Антон Кузнецов — режиссер умный, мастеровитый и образованный. Как губка, он впитывает опыт русской и европейской режиссуры. И спешит им поделиться. Его театр настойчиво стремится не быть старомодным и соединить русскую актерскую школу с современными постановочными приемами. Но такое соединение не всегда приводит к синтезу. Создается впечатление, что работа над спектаклем у Кузнецова начинается с рождения одной большой идеи и изобретения формы. Режиссер, как математик и геометр, просчитывает общую конструкцию спектакля, а потом вставляет в эту конструкцию автора и актеров, рассчитывая, что хороший актер и качественная драматургия неизбежно наполнят ее жизнью. А зачастую получается, что содержание «отслаивается» от формы.
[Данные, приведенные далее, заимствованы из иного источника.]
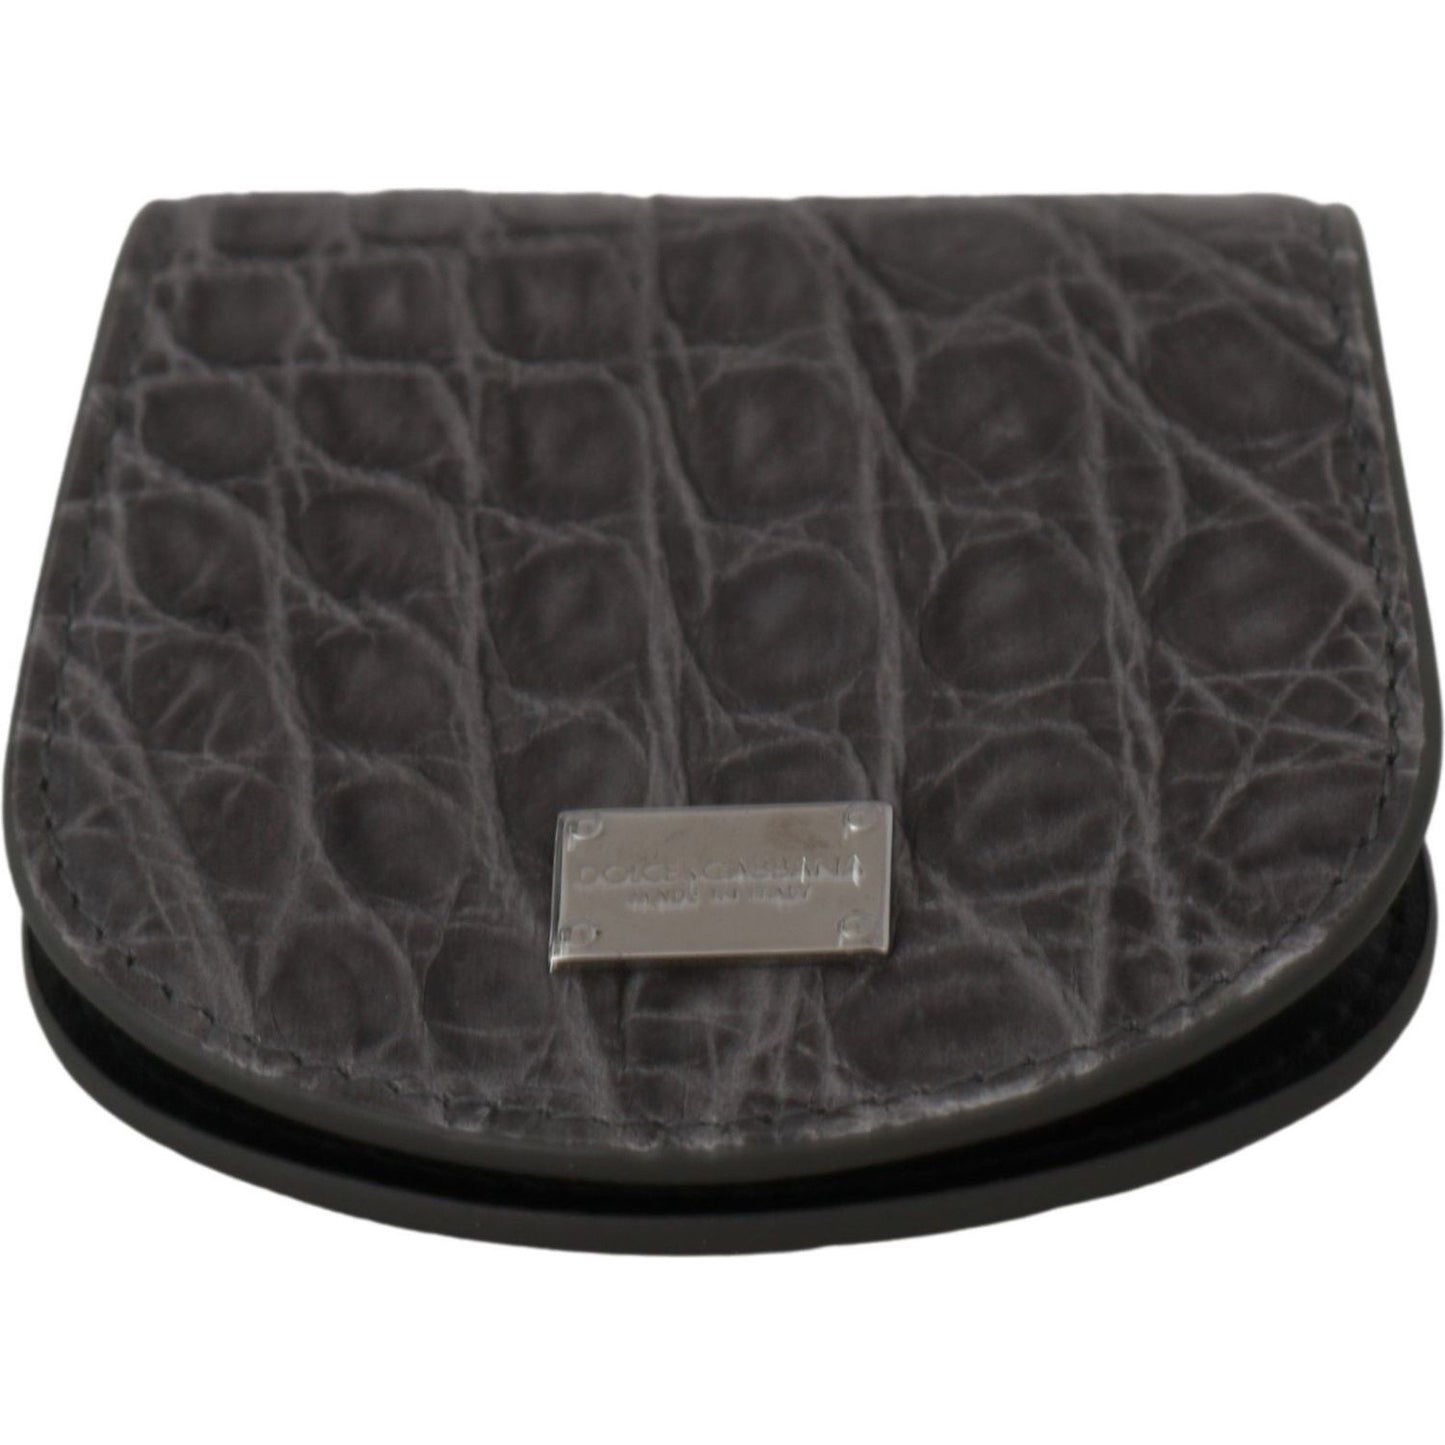 Dolce & Gabbana Exotic Gray Leather Condom Case Wallet gray-exotic-skin-condom-case-holder-pocket-wallet Condom Case IMG_0241-d418def8-45c.jpg

Саратовской постановке Игоря Коняева «Женщины всегда смеются и танцуют» («Таня-Таня» О.Мухиной) предшествовали «смеющиеся и танцующие женщины» в челябинском Камерном театре — дипломная работа режиссера («Петербургский театральный журнал» писал о ней в № 12). Этой осенью я увидела спектакль, который почти полностью совпадал с тем, давним описанием. Оставалось только поменять имена актеров. «Клонирование» собственных творений кажется мне занятием подозрительным, относящимся скорее к коммерции, нежели к творчеству. Но это отдельная тема. Важнее, что саратовская «Таня-Таня» оказалась не восковой копией, а пусть и «клоном», но вполне жизнеспособным.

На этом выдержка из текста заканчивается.